Repeat the listing below in full and exactly. Pictures are to be omitted.

DATA PROVIDED START

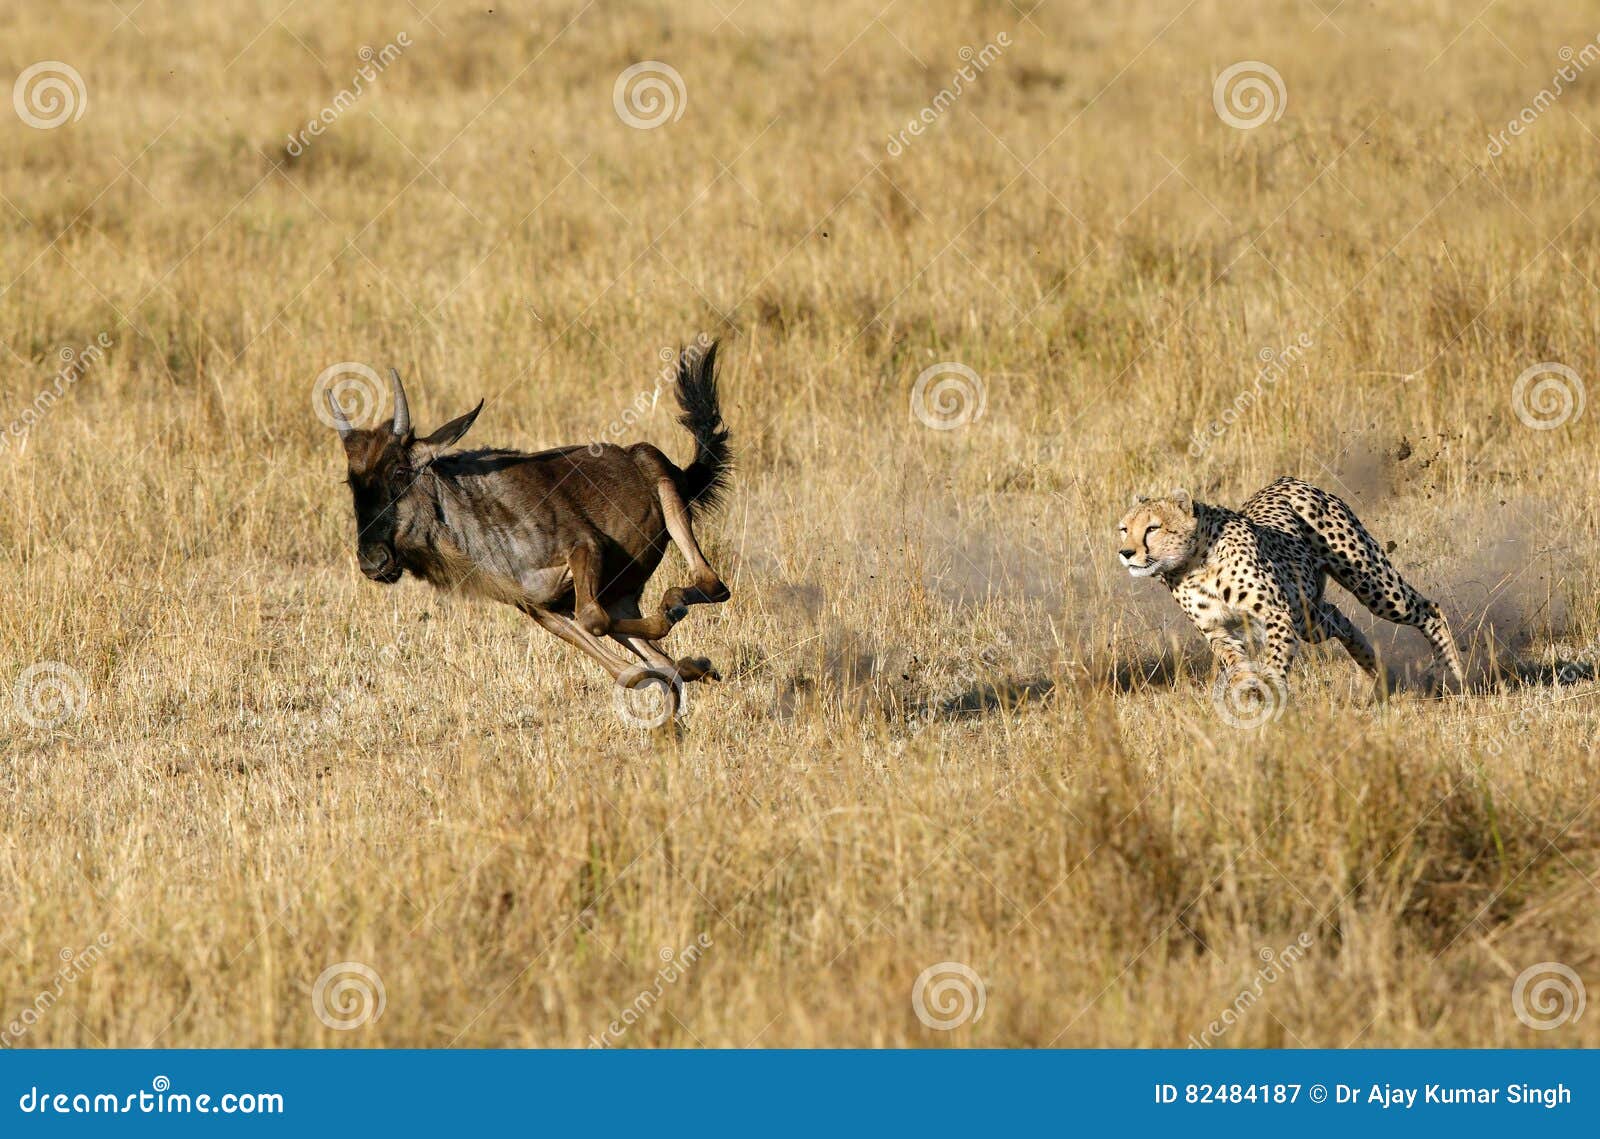 mussiara cheetah chasing a wildebeest
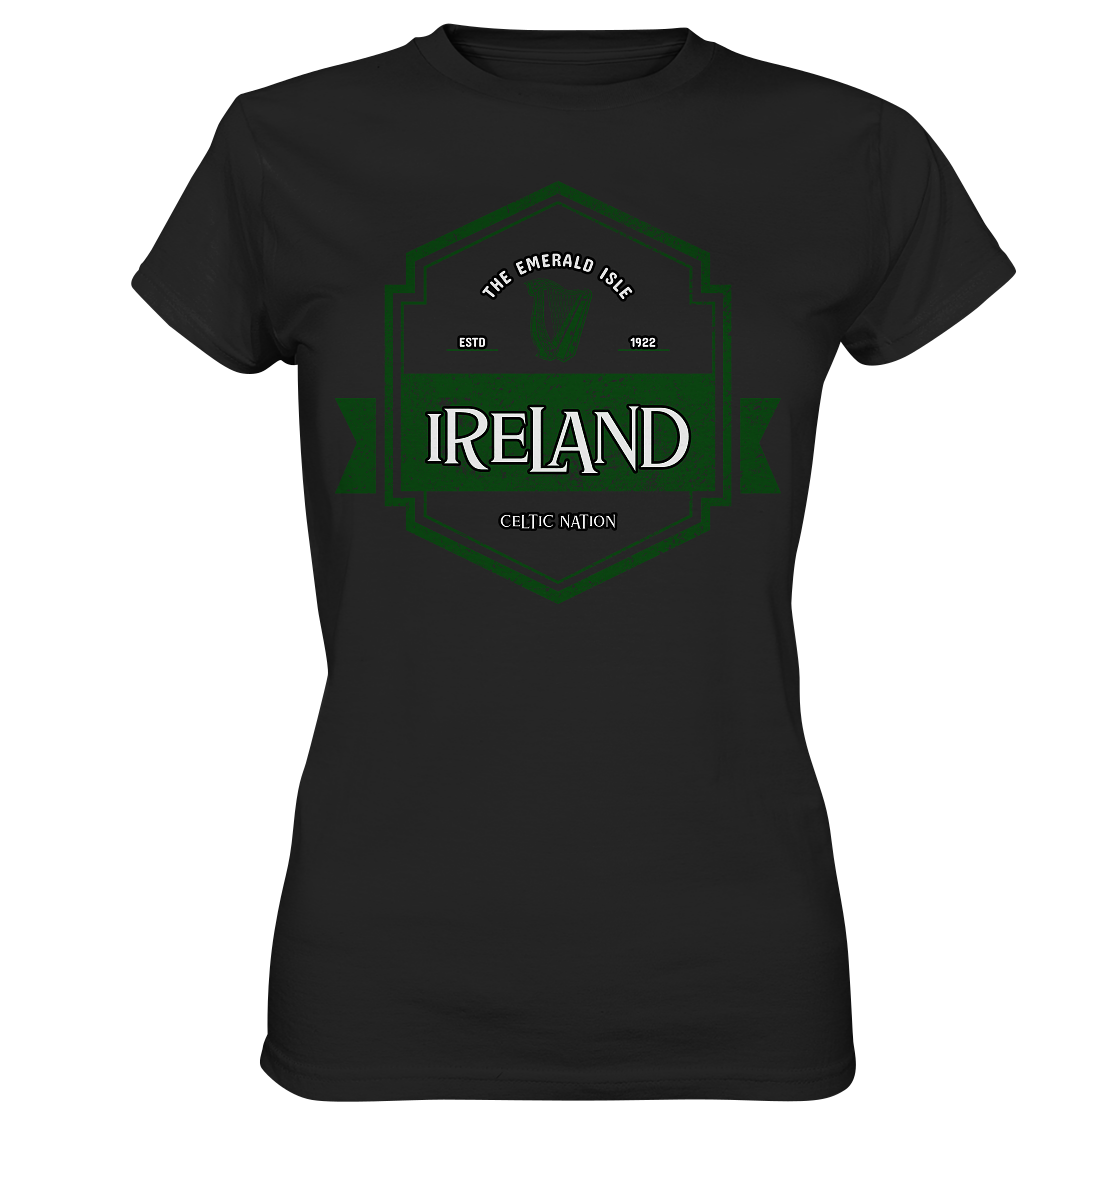 Ireland "The Emerald Isle / Celtic Nation" - Ladies Premium Shirt
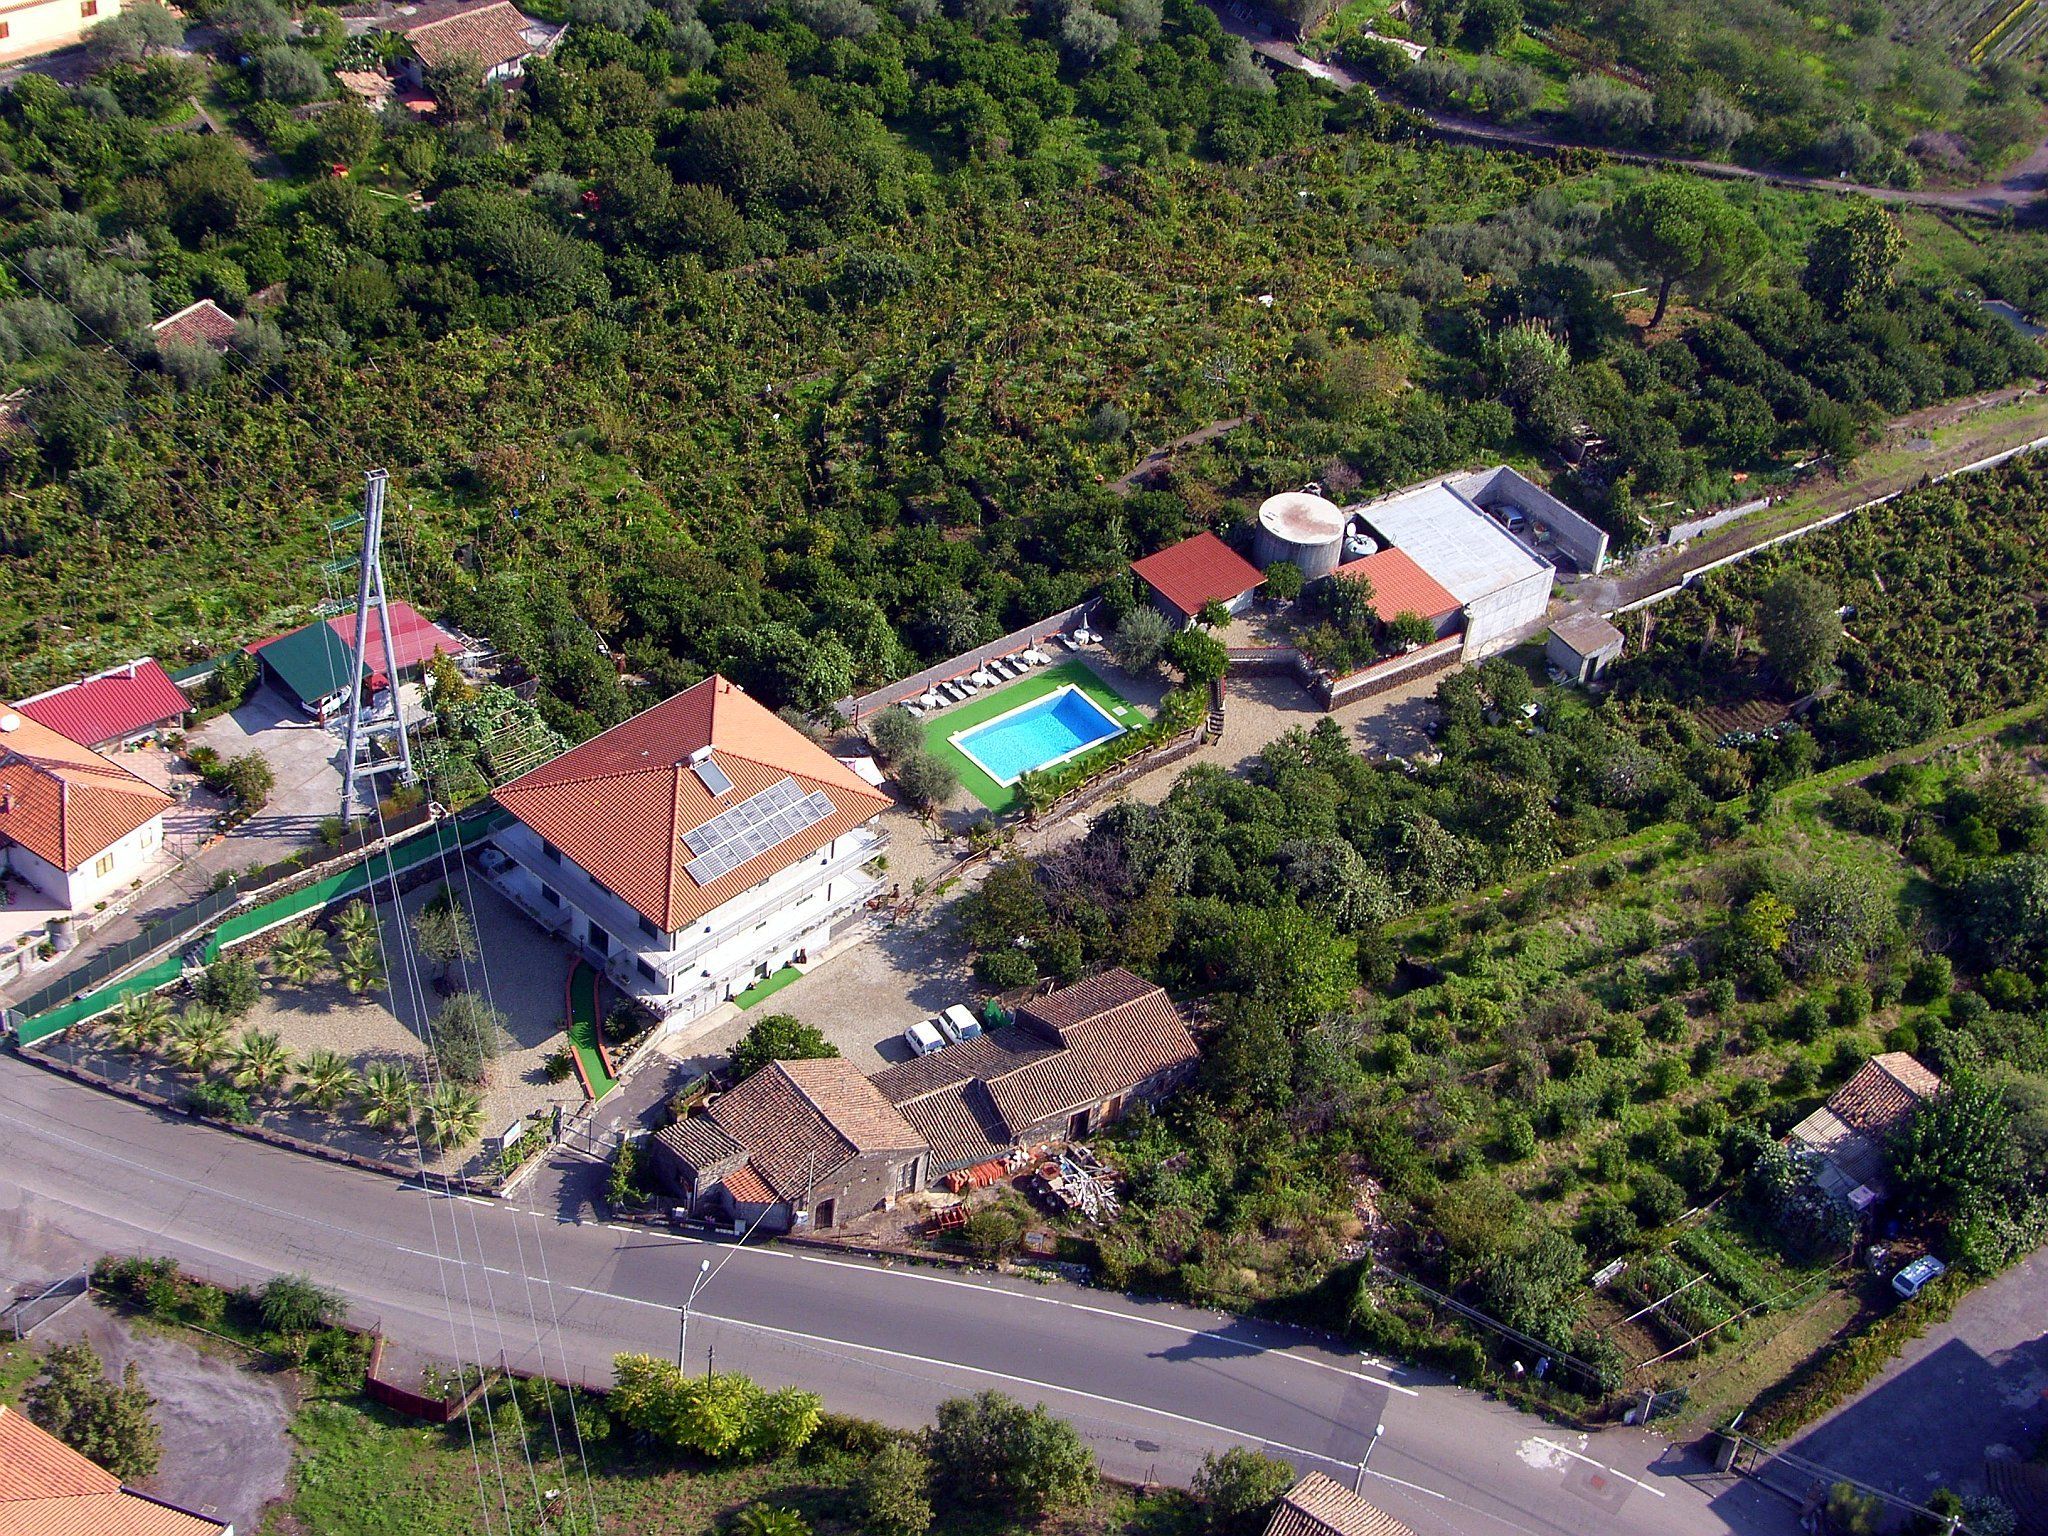   Villa Don Salvatore

DATA PROVIDED END

> _ANSWER_:
 mussiara cheetah chasing a wildebeest
 Ireland "The Emerald Isle / Celtic Nation" - Ladies Premium Shirt
   Villa Don Salvatore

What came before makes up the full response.